Foreign Owners Earning Rental Income from US Real Estate
If you are a foreign owner of US real estate and earn rental income from it, you need to be aware of the tax implications. Here’s what you need to know.
As a foreign owner of US real estate, you are subject to US federal income tax on the rental income you earn from the property. You must file a US tax return and report the rental income you received.
Under US tax law, the tenant who pays rent to a foreign owner of US real estate is required to withhold 30% of the gross rental income and remit it to the Internal Revenue Service (IRS).
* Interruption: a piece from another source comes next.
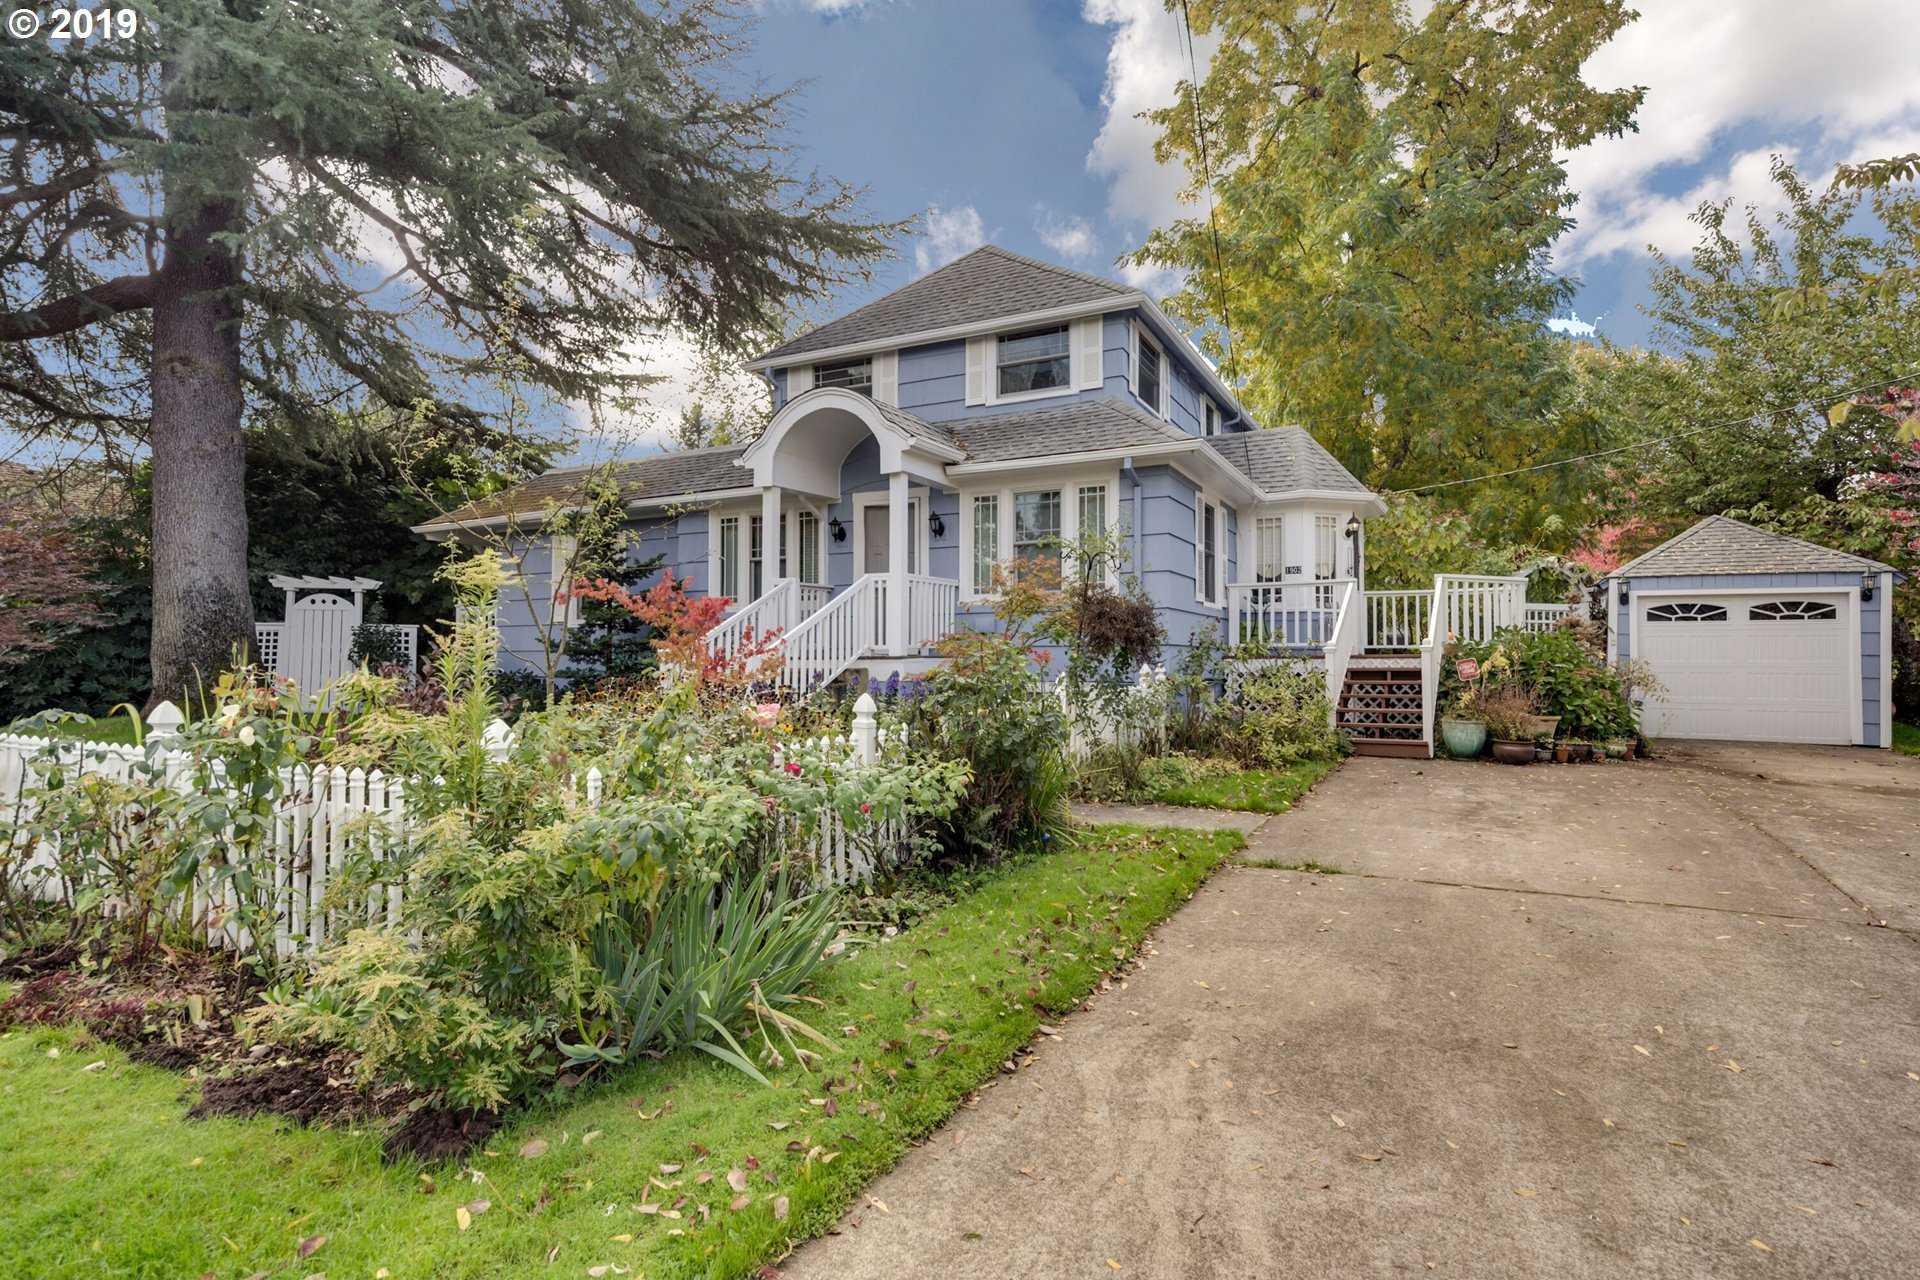 $499,500 - 3Br/3Ba -  for Sale in Oregon City, Oregon City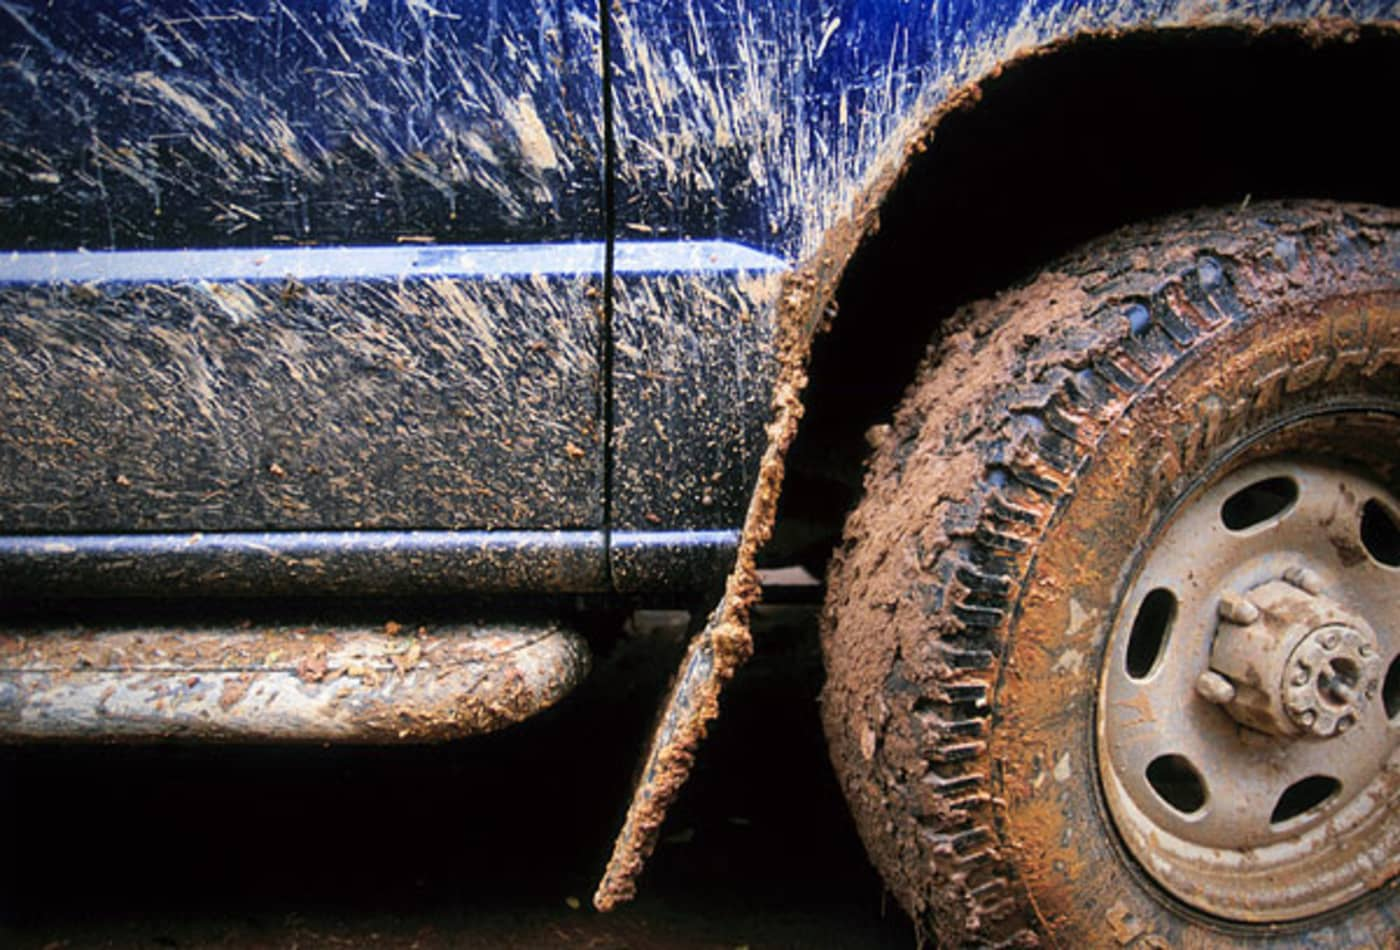 Americas-nanny-state-laws-muddy-car.jpg

This withholding tax is a prepayment of the foreign owner’s US federal income tax liability.
Claiming a Refund
If the amount of withholding tax exceeds the foreign owner’s actual US federal income tax liability, the foreign owner can claim a refund of the excess amount by filing a US tax return.
Foreign owners of US real estate may be eligible for reduced withholding tax rates under a tax treaty between the US and their home country. To claim treaty benefits, the foreign owner must provide the tenant with a valid Form W-8BEN, Certificate of Foreign Status of Beneficial Owner for United States Tax Withholding and Reporting.
Foreign owners of US real estate who earn rental income need to be aware of the US tax implications. It is important to file a US tax return and comply with US tax law to avoid penalties and ensure that you are not paying more tax than you owe.